Cette demande de parole, ce besoin de compréhension voir de ras-le-bol pour certains clubs se traduit de manières différentes. Face aux difficultés, certains ont tous simplement mis la clé sous la porte, faute de solution trouvée (problème de créneaux, de moyens financiers, crise du bénévolat, manque de considération). D’autres auront trouvé la parade et leur salut en se regroupant entre clubs de futsal sur le territoire ou en étant absorbés par des clubs de football à 11, au risque de perdre leur âme, par intérêt non dissimulé de certains clubs à 11 de faire main basse sur cette discipline, ne la considérant pas comme discipline à part entière. Juste comme un vivier de joueurs et de cotisations au pire, ou comme un tremplin vers le foot à 11, ce qui est un moindre mal (Certains clubs à 11 jouent heureusement parfois pleinement le jeu afin d’offrir simplement une palette plus complète en matière de formation à leurs jeunes). A l’extrême, plusieurs clubs sont même allé ou réfléchissent jusqu’à se désaffilier de la FFF, de manière complète ou sur certaines catégories, pour aller vers d’autres fédérations (voir notre article). Est-ce cela le devenir de ces clubs spécifiques futsal dans des zones défavorisés ? Nous sommes en droit de nous poser la question. Le futsal de demain ne sera t-il à l’avenir que celui « des sections futsal dans des clubs à 11, avec de gros moyens financiers ? (d’ailleurs à Toulon, c’est le Sporting Club de Toulon qui vient de créer sa section). Sera t-il possible de combiner social et futsal spécifique ? Ambitions sportives et charges financières raisonnables ? La situation reste préoccupante dans bon nombre d’endroits de France malheureusement…
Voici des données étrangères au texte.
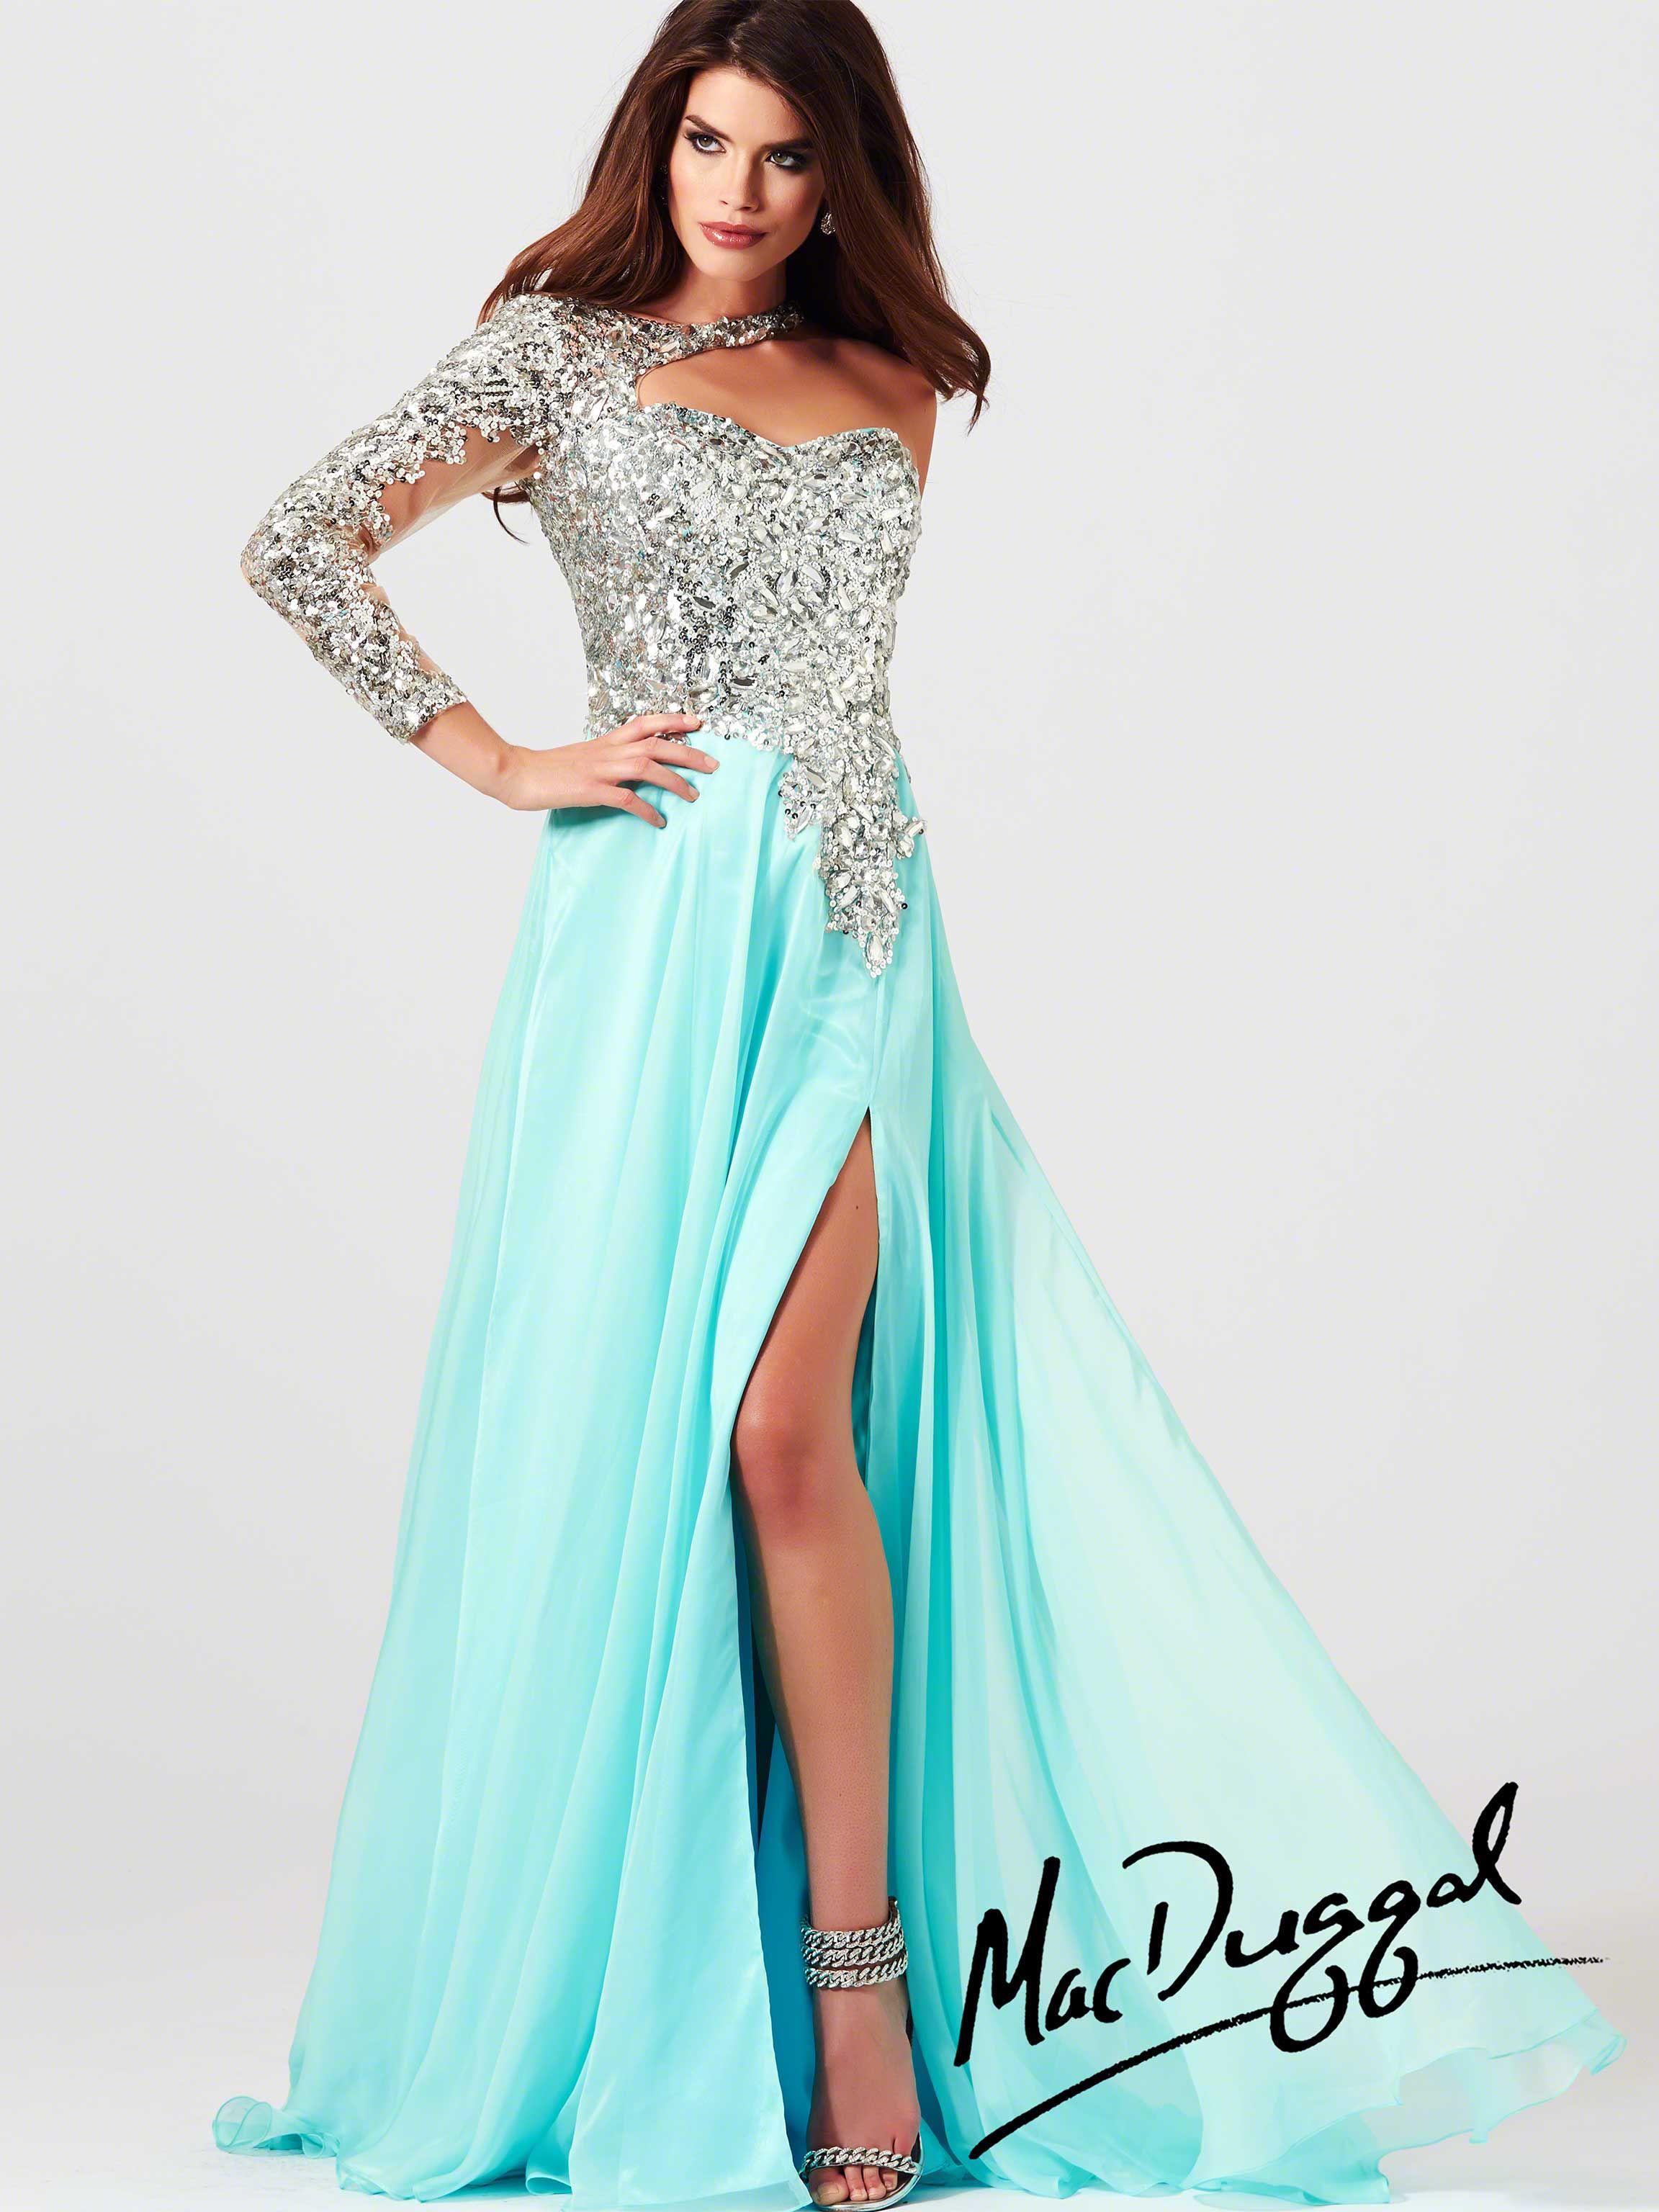 Amazing Dresses For Prom 2014 Ideas - Wedding Ideas - memiocall.com

L’avenir nous le dira, mais l’obligation de structuration demandée aux clubs induira nécessairement de plus grandes revendications à participer et influer, par ces mêmes clubs, sur les prises de décisions des instances (au niveau régional, départemental voir national) afin de se faire (enfin) entendre. Les instances sportives devront l’accepter et s’ouvrir au dialogue, surtout aux niveaux régionaux et départementaux, et devront aussi, à défaut d’aides directes pourtant nécessaires, redoubler d’efforts pour imposer médiatiquement le futsal sur leur territoire. Non pas juste pour répondre aux injonctions fédérales de développer « poliment » le futsal et gérer administrativement une discipline en quête de son réel développement. Il faudra nécessairement « mouiller la chemise ». A l’image de la France d’aujourd’hui, de moins en moins de clubs acceptent les décisions descendantes et abruptes, décidées à Paris ou en Conseil de Ligue, sans qu’ils ne puissent broncher. Se réunir, discuter, échanger et décisions collégiales. Pas d’autre choix. De là viendra une partie de la solution. A condition d’en être conscient du côté des décideurs via une consultation nationale. Les collectivités devront elles aussi jouer le jeu, en considérant le futsal comme un véritable levier social pour une jeunesse demandeuse de repères mais surtout comme un formidable vecteur véhiculant une image positive de dynamisme pour leur territoire. Pas le futsal à papa pour contenter les quartiers et autres zones rurales défavorisées… La route est longue… A l’enfant de devenir grand et de prendre aussi conscience de son rôle.

En ce sens, le cas de l’agglomération toulonnaise est très intéressant et constitue un réel laboratoire: une grande région, 3 fédérations présentes (FFF, AFF, UNCF83), des clubs ruraux et de quartiers (en difficulté donc!), un club champion de D1, une ville sportive et attractive qui a des moyens, des enjeux électoraux et sociaux énormes. Et au milieu de tout ça, le club de Toulon Est Futsal, qui ne demande qu’à vivre dignement sa passion. Juste cela et rien de plus. Bon courage à eux. Vive aussi ce futsal de nos terroirs dont peu de personne parle, celui sans lequel rien ne pourrait être possible. Vive le futsal.